My pitch would definitely be that it’s a mobile MOBA. Obviously I think that one of Vainglory’s biggest struggles right now is … Can a mobile game realistically be an esport? But if you ever go and watch some of the production quality of the Vainglory esports structure, people definitely know and understand that this is a real game. People take [it] very seriously.
For casual players, it’s something that you can literally play anywhere, obviously depending on how good your connection is. I know that plenty of players, even professionally, like to play from the comfort of their bed. I play it sitting up at my desk because that’s how you compete on the stage, and obviously there’s something to be said for practicing for how you want to perform on stage.
But I think it’s a really good game with console- or PC-level graphics, if not better. I think that the graphics quality of Vainglory knocks League of Legends right out of the park, and it’s a really fun game worth checking out by everyone who owns a touchscreen device.
What do you think is the future of Vainglory as an esport?
Vainglory is really the first mobile esport, and it’s definitely in its infancy. So I know there’s a figure that there’s probably 800 million people on the planet who use either a PC or a console for gaming, whereas there’s about 5 billion people on the planet who have a mobile device. The fact that Vainglory is a mobile esport means it has the potential to become one of the biggest, if not the single biggest esport.
In terms of how long I see myself doing it? It really just depends on how long I enjoy doing it. I would say that my enjoyment and commitment to Vainglory as a game is the highest it has ever been. I play for Team SoloMid, who just qualified for the first Vainglory world invitational coming up in the first week of December. My passion for preparing for that event is at an all-time high.
Me and my teammates are talking about getting a team house together, which I know is pretty standard in the esports industry for top teams. But that would mean we’re really the first team in the Vainglory scene to do that. But that will definitely be a huge step, not only for our team but really Vainglory as a whole. [Ed. note: The Vainglory TSM team did in fact get a team house in October after this interview was conducted.]

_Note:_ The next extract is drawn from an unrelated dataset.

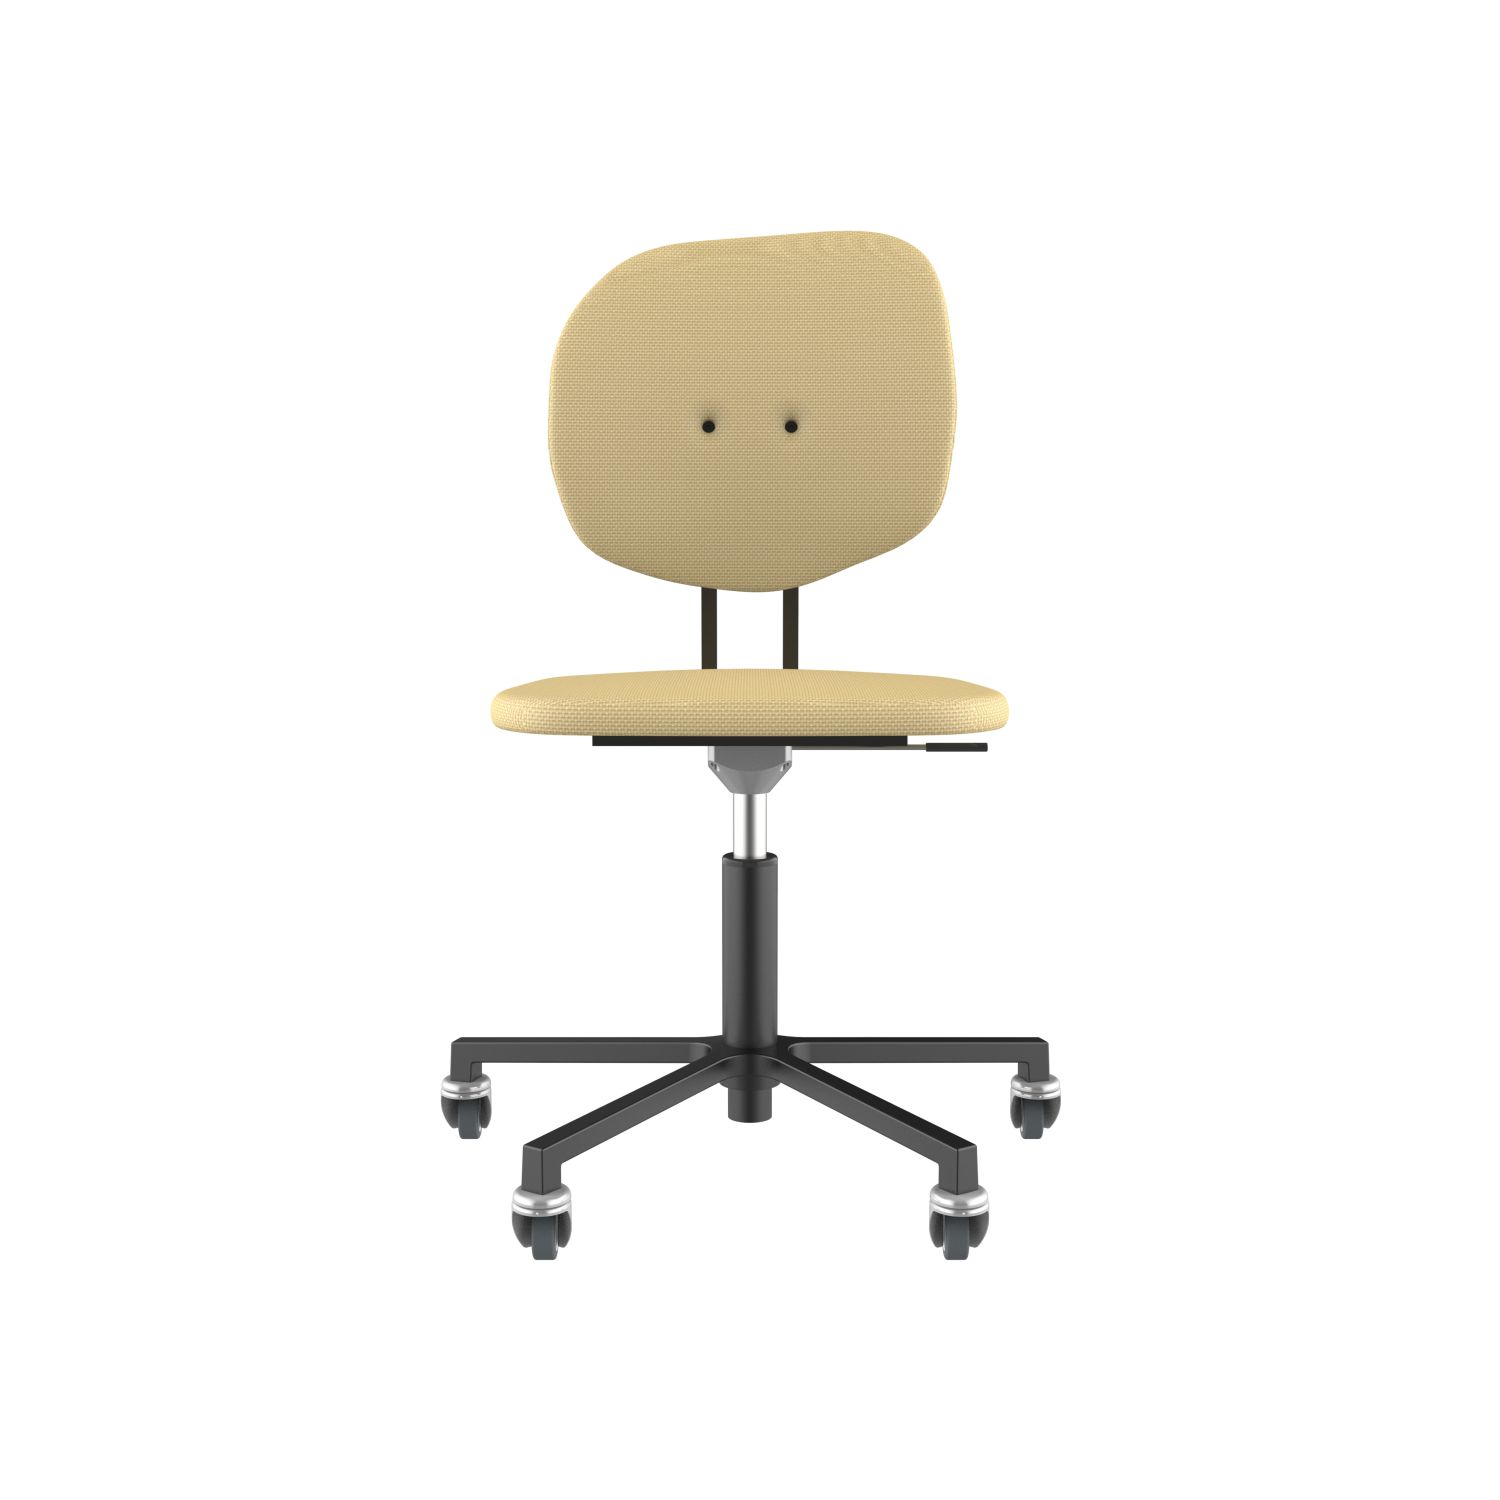 lensvelt maarten baas office chair without armrests backrest h light brown 141 black ral9005 soft wheels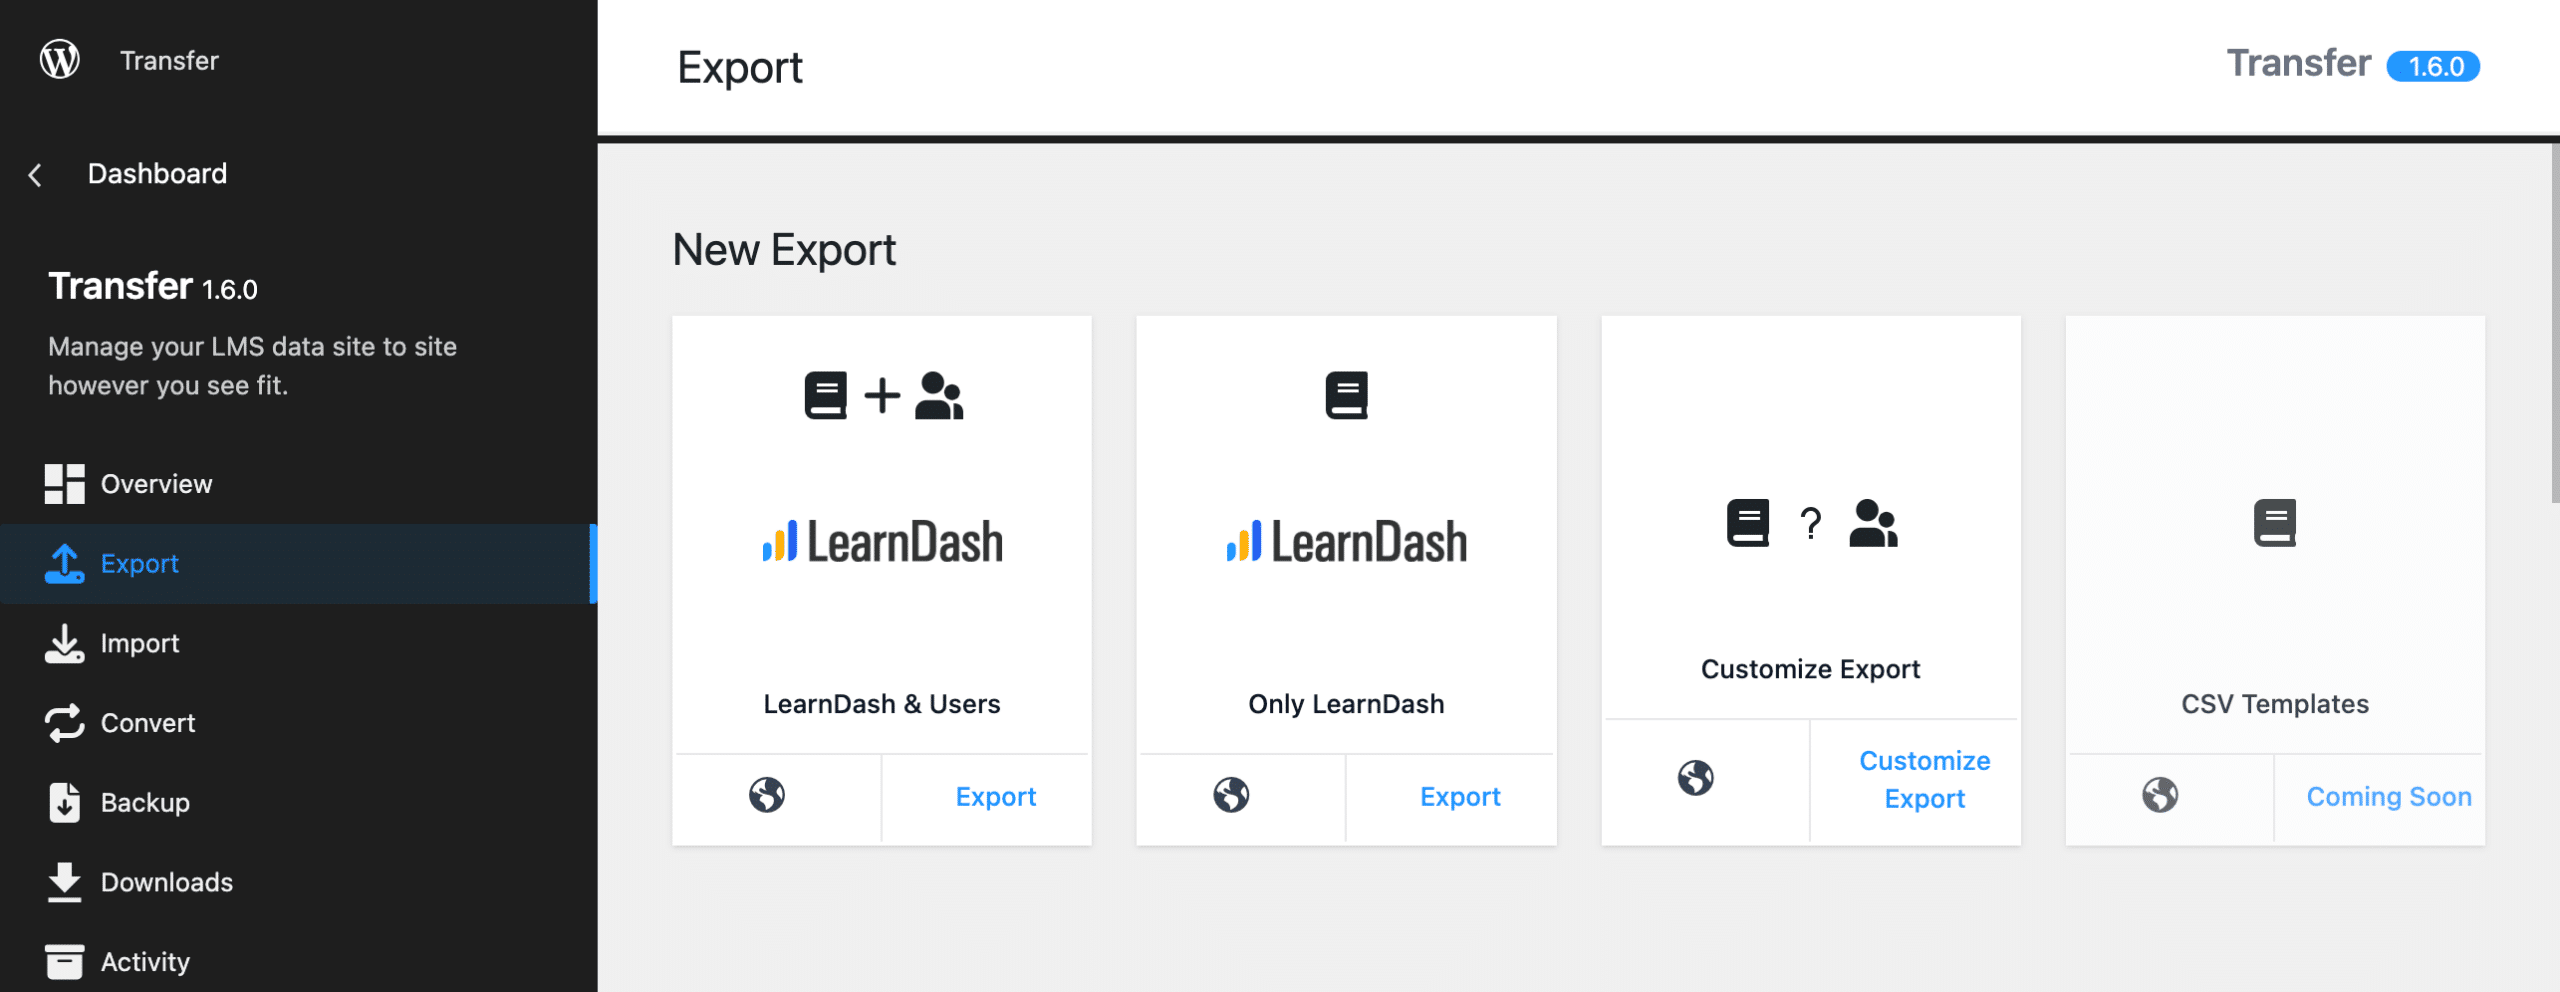 Transfer LearnDash export menu.

Do you find it’s difficult to sell people on the idea of esports, even now?
Not really. When I first got into it my parents were very confused as to what I was really talking about. Now that I’ve been doing it for a year professionally — having played it for two years total — I think that explaining the game … If someone downloads it, and plays it, and sees it for themselves, I think it makes a lot of sense. If you go onto Twitch and watch any of the professional broadcasts, I think that it makes a lot of sense.
I know that the Vainglory playerbase as a whole is relatively young compared to some of the other esports just because, in today’s society, you have a lot of younger kids who have their hands on touchscreens and smart devices where they’re picking up this game. But a lot of the players have their parents coming to these live events, and they’re definitely super skeptical.
I know that when my team qualified to go to South Korea, one of my teammates was only 13 at the time, and obviously a 13-year-old going to South Korea for six weeks during the middle of the school year … his parents were like, “No way, that’s not happening.” So we brought a sub.
But when he actually qualified on a different team to go to a live finals, and his family went to those and actually saw that this was for real, and that he was competing for serious amounts of money, they were 100% supportive of it. My parents are 100% supportive of what I’m doing now, considering I’m one of the older professional players. I don’t think it’s hard to sell it to people anymore.
This interview has been edited for brevity and clarity.